It’s evident that \(\sigma(0) = p\), so that’s good. However, three things are striking about this definition of \(\sigma\):

- It’s not obvious we can take \(\varphi^{-1}\) here, since for some \(\lambda\), \((\varphi \circ \gamma)(\lambda) + (\varphi \circ \delta)(\lambda) - \varphi(p)\) might fall out of \(\operatorname{Im}(\varphi)\). We’ll fix that by defining the domain of \(\sigma\) carefully.
- It is seemingly chart-dependent, which is undesirable. We’d like the vector space structure of \(T_p M\) to not depend on the chosen chart around \(p\). Fortunately we’ll see this ends up being chart-independent.
- It depends on the representatives \(\gamma\) and \(\delta\). This is scary, since we need to define addition of equivalence classes, so the result of our operation
*cannot*depend on which exact representatives we pick.

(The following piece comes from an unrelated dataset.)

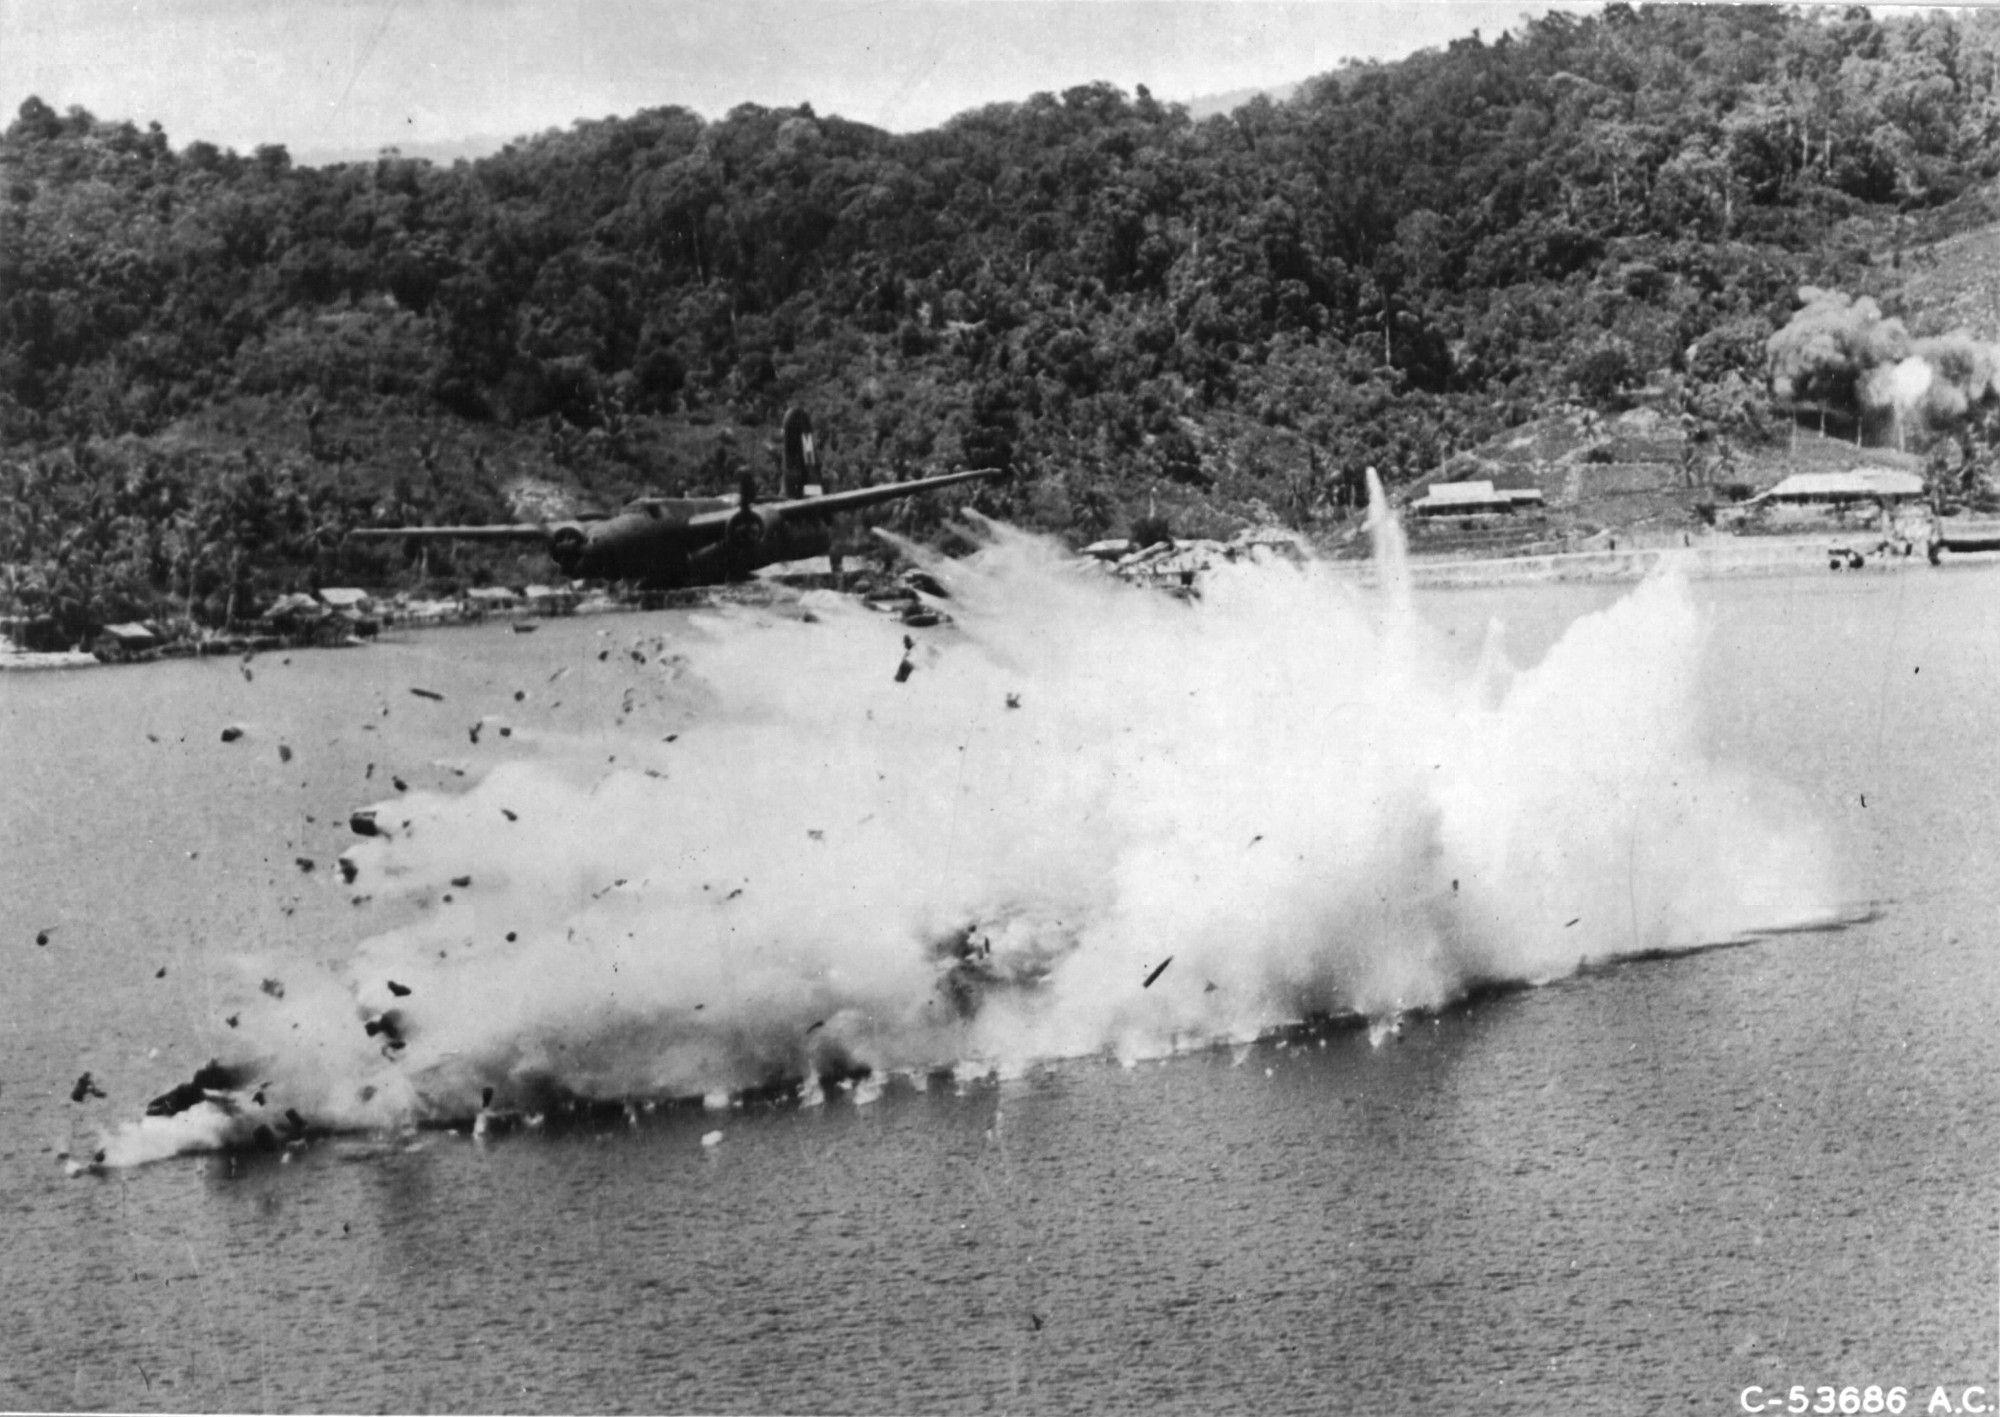 Douglas-A-20-22-July-1944-photo-3.jpg

Let’s solve the first issue. Let the chart \(\varphi:U \subseteq M \to V \subseteq \mathbb{R}^n\) is a homeomorphism. Because \(\varphi\) is a homeomorphism, it sends open sets to open sets, so there’s an open set around \(\varphi(p)\) in \(\operatorname{Im}(\varphi)\). Even more, there’s a ball \(B_\varepsilon(\varphi(p))\) of radius \(\varepsilon > 0\) around \(\varphi(p)\), where the entire ball is still inside \(\operatorname{Im}(\varphi)\). Since \(\varphi \circ \gamma\) is continuous, there’s some \(t_1 > 0\) such that if \(|\lambda| < t_1\), then \(|(\varphi \circ \gamma)(\lambda) - \varphi(p)| < \frac{\varepsilon}{2}\). Likewise, there’s some \(t_2 > 0\) such that if \(|\lambda| < t_2\), then \(|(\varphi \circ \delta)(\lambda) - \varphi(p)| < \frac{\varepsilon}{2}\). Thus, if \(|\lambda| < \operatorname{min}(t_1, t_2)\), then \(|(\varphi \circ \gamma)(\lambda) + (\varphi \circ \delta)(\lambda) - \varphi(p) - \varphi(p)| < 2 \frac{\varepsilon}{2} = \varepsilon\), and thus \(((\varphi \circ \gamma)(\lambda) + (\varphi \circ \delta)(\lambda) - \varphi(p)) \in B_\varepsilon(\varphi(p)) \subseteq \operatorname{Im}(\varphi)\), and thus it’s legal to take \(\varphi^{-1}\) of that expression. This then tells us the domain of \(\sigma\), it’s \((-\operatorname{min}(t_1, t_2), \operatorname{min}(t_1, t_2))\).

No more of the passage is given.